**What is required:** Everything in the listing should be set down exactly, apart from the pictures.

**Recorded information:**
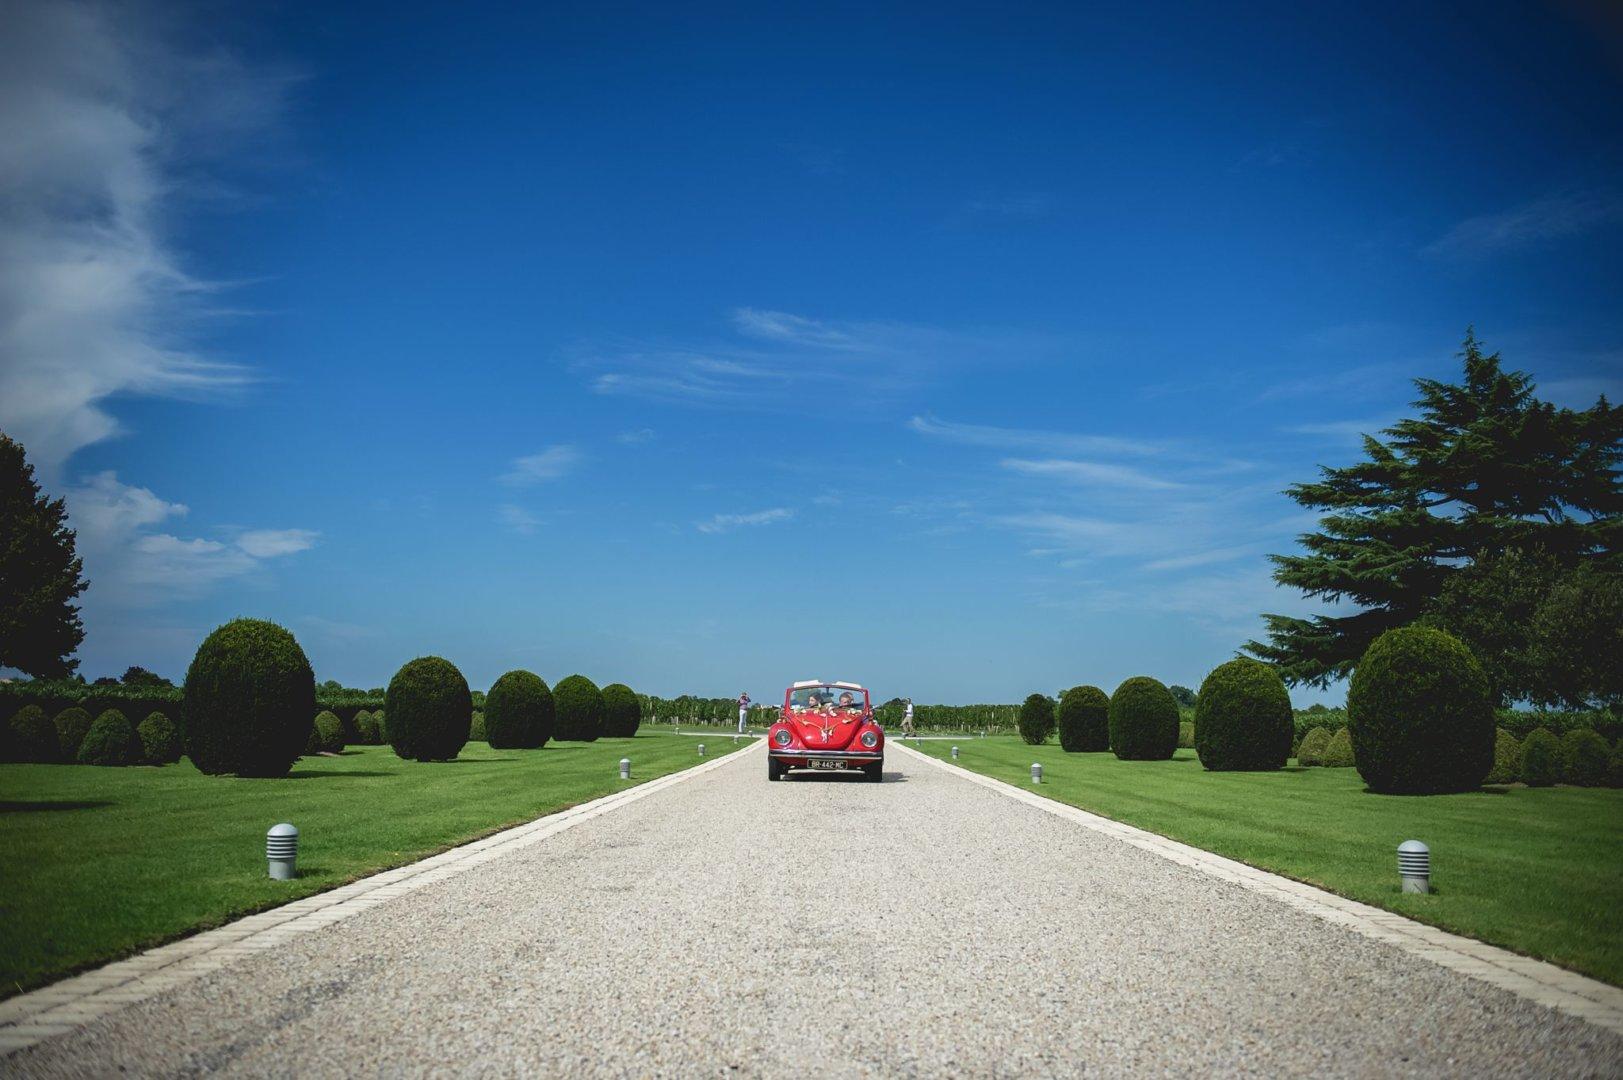 Une jolie coccinelle rouge en voiture d'honneur
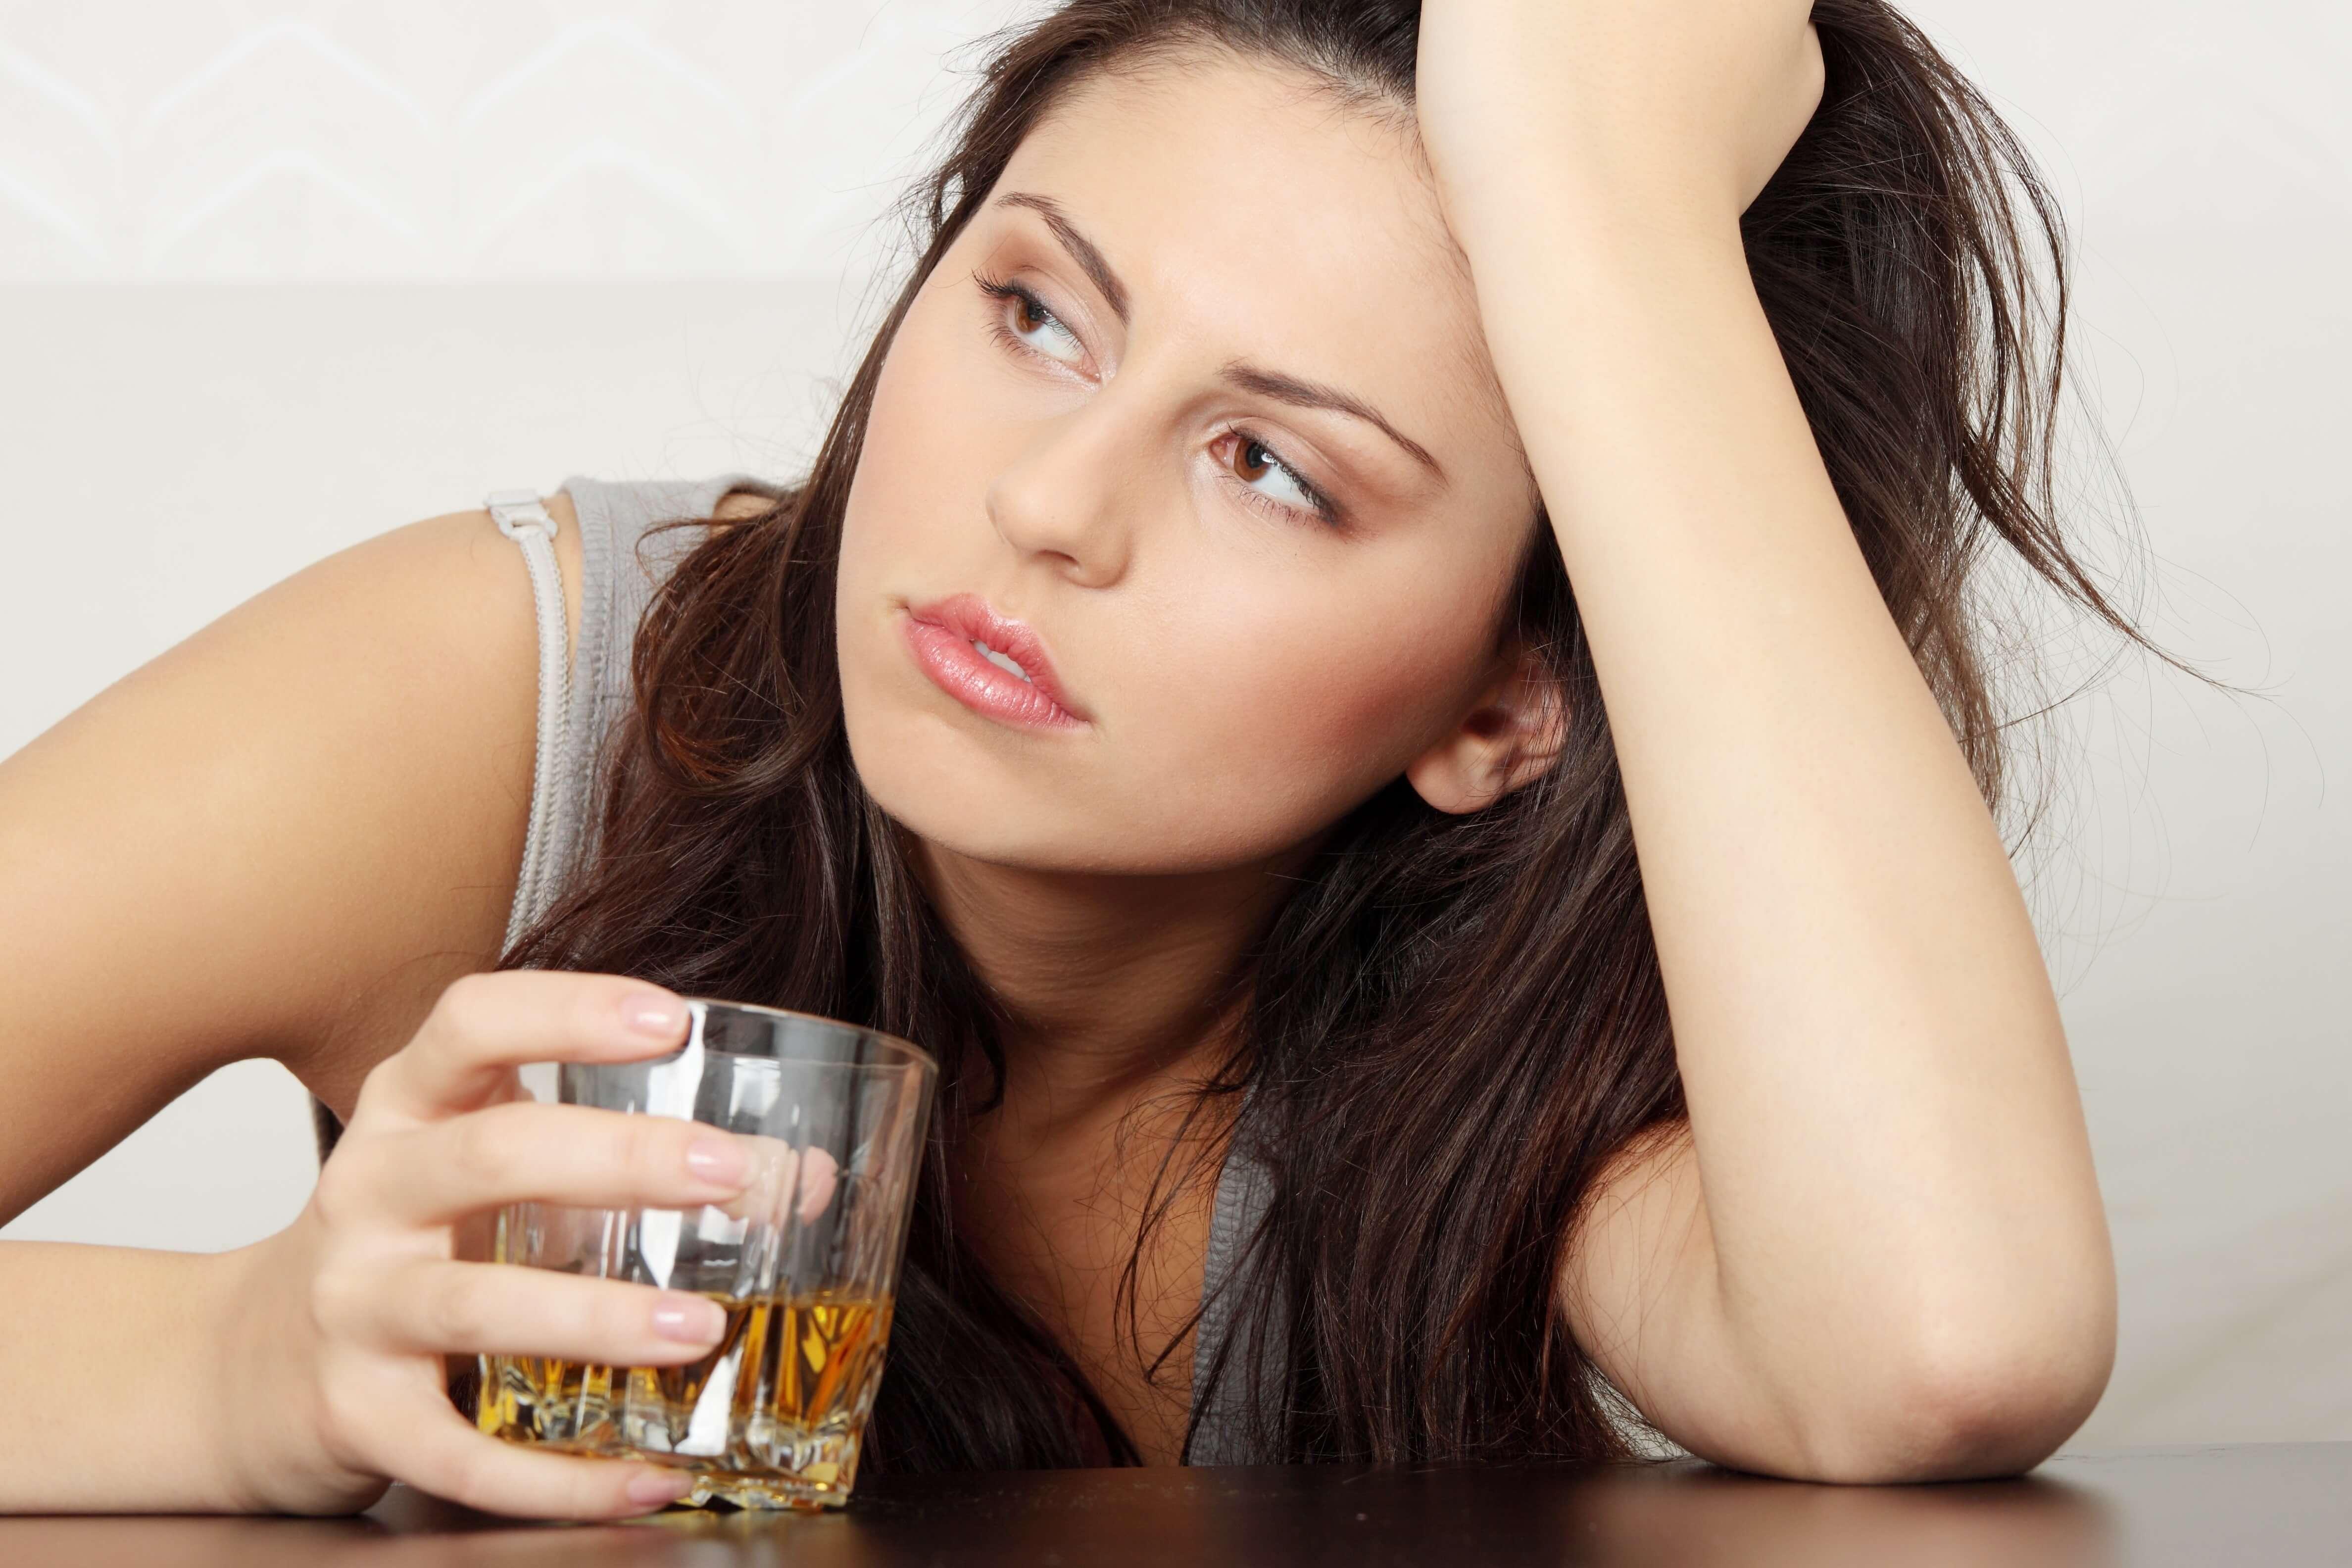 Лечение женского алкоголизма в г.Москве переклад алкоголизма мстислав
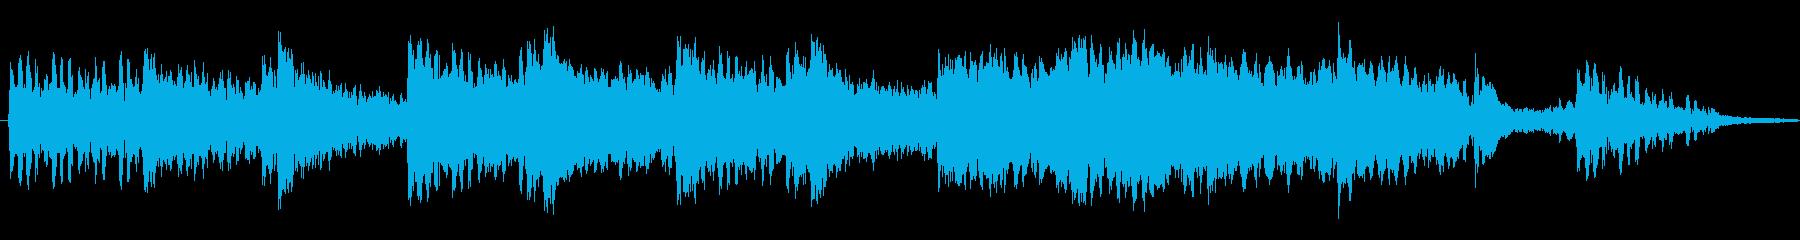 プログレッシブ 交響曲 不思議 奇...の再生済みの波形
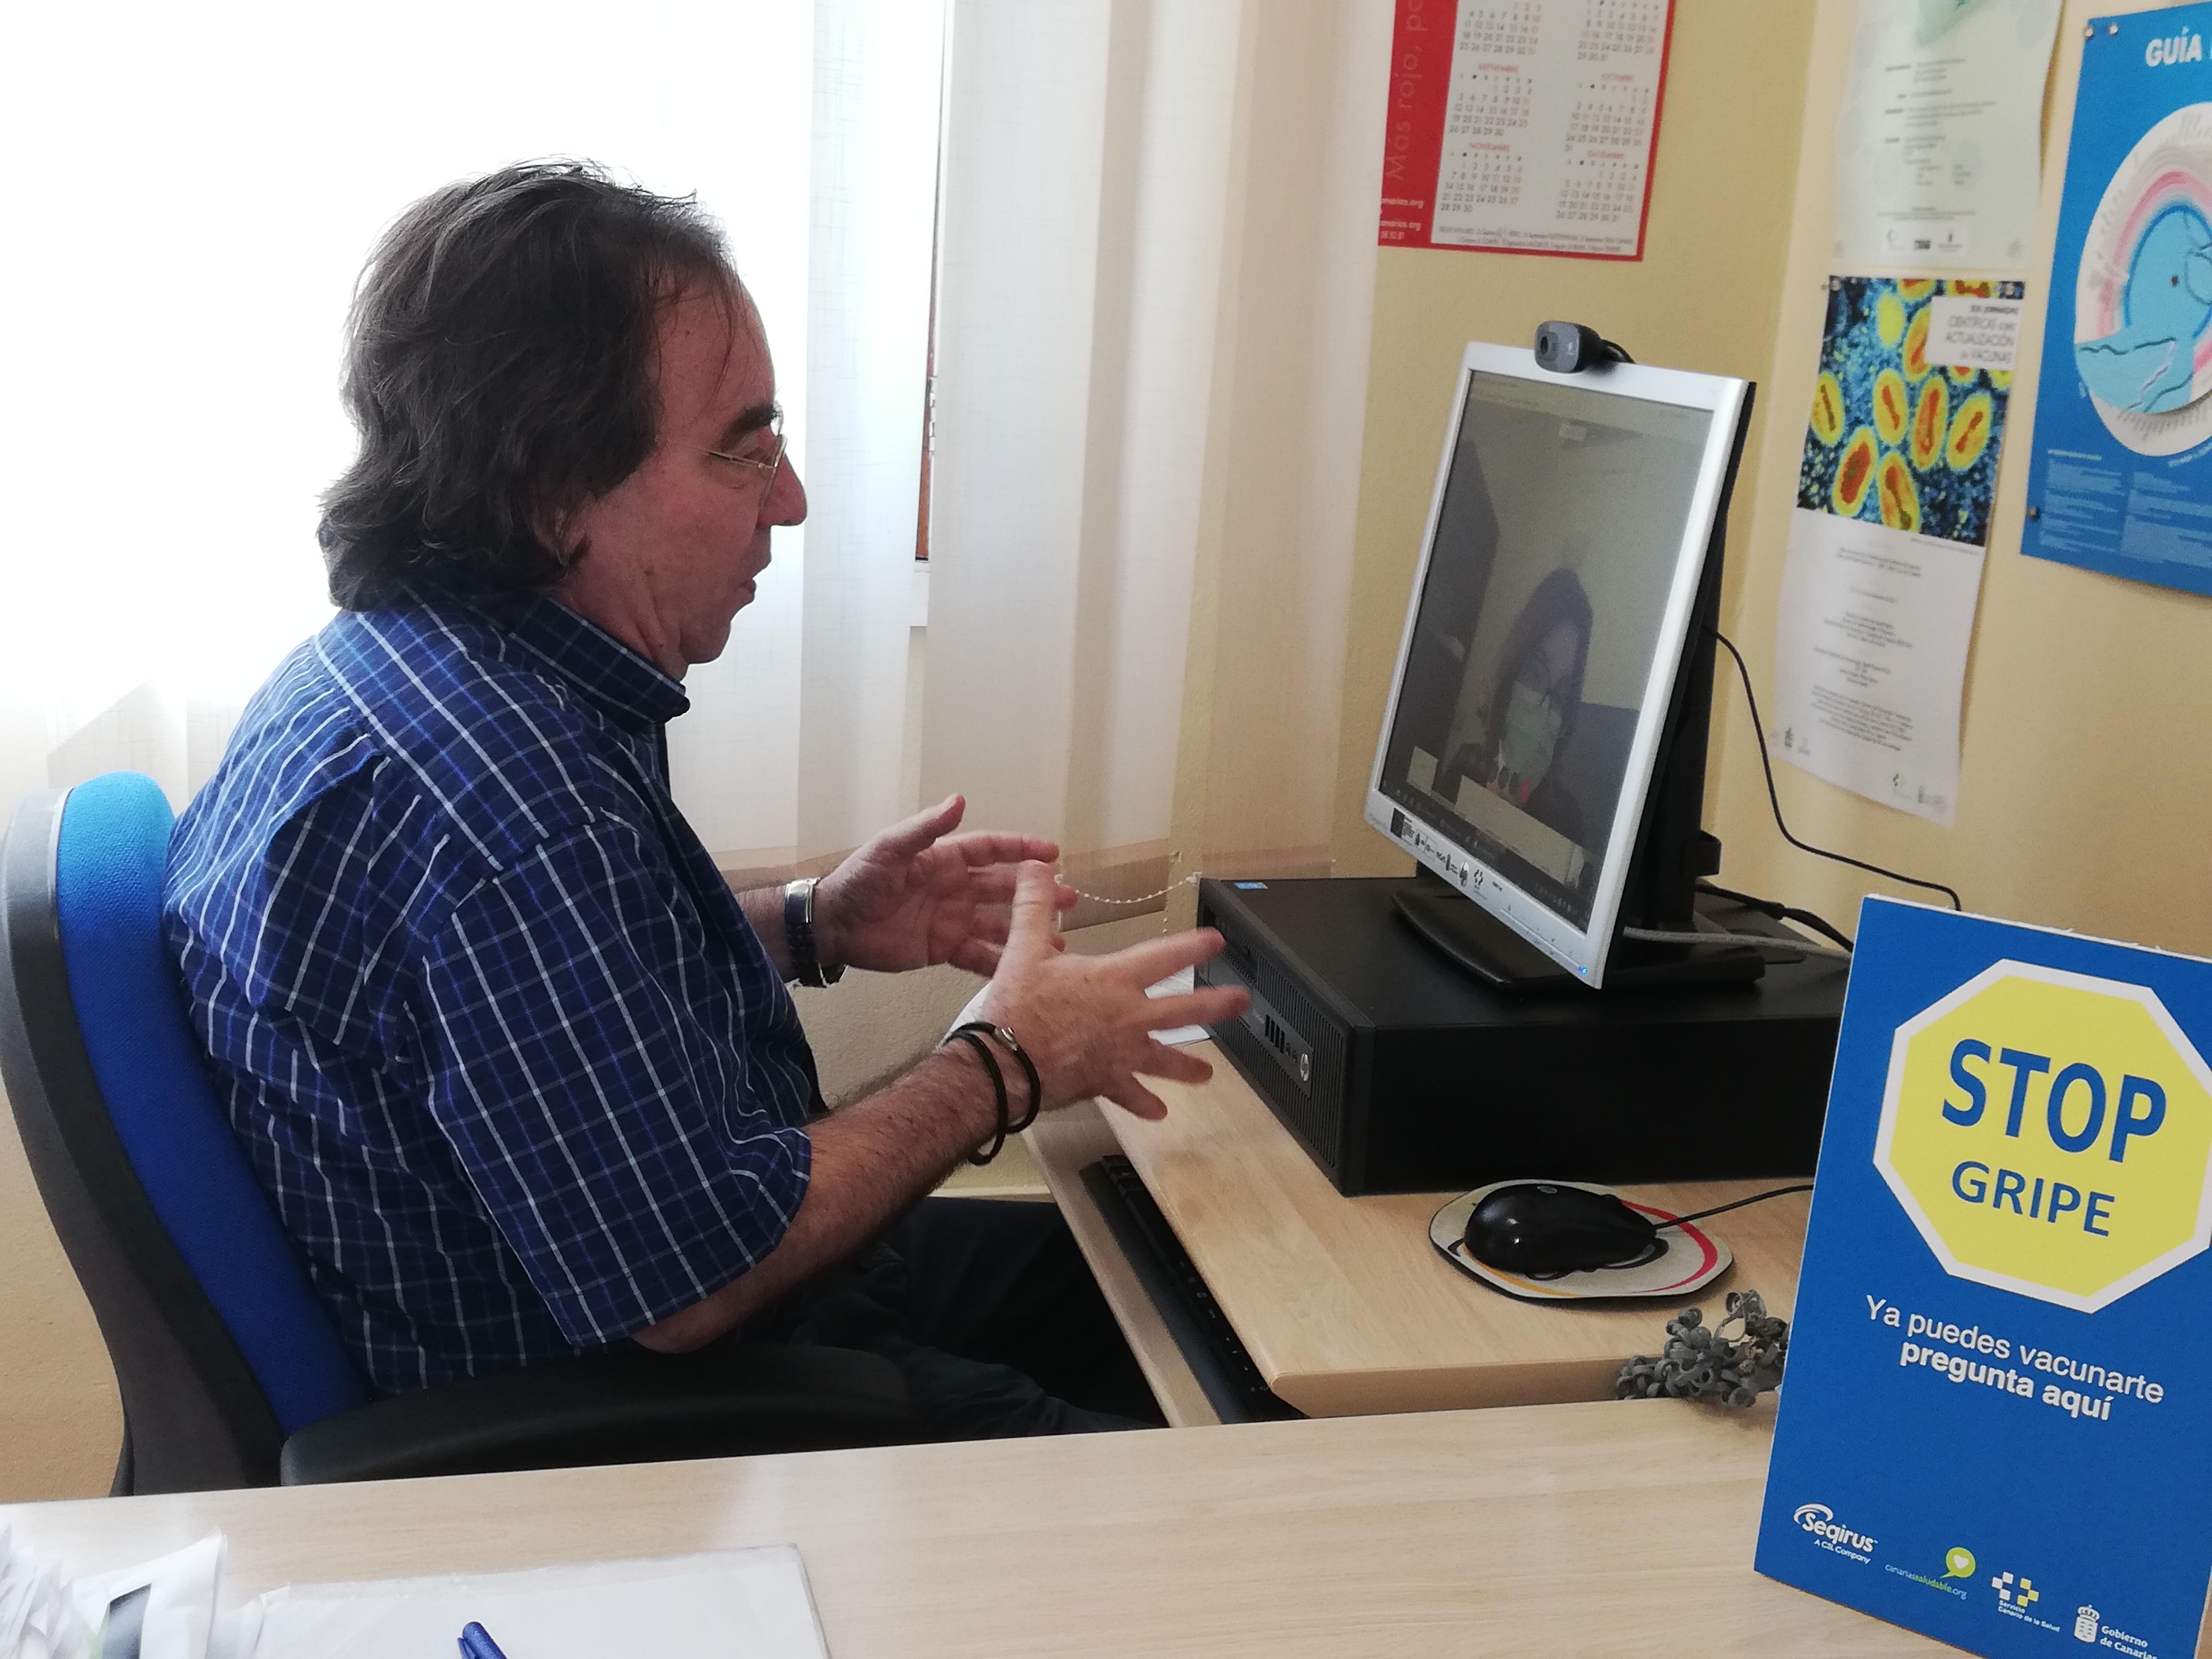 Encuentro Digital

**Answer to this exercise:**
 Une jolie coccinelle rouge en voiture d'honneur
 Лечение женского алкоголизма в г.Москве переклад алкоголизма мстислав
 プログレッシブ 交響曲 不思議 奇...の再生済みの波形
 Encuentro Digital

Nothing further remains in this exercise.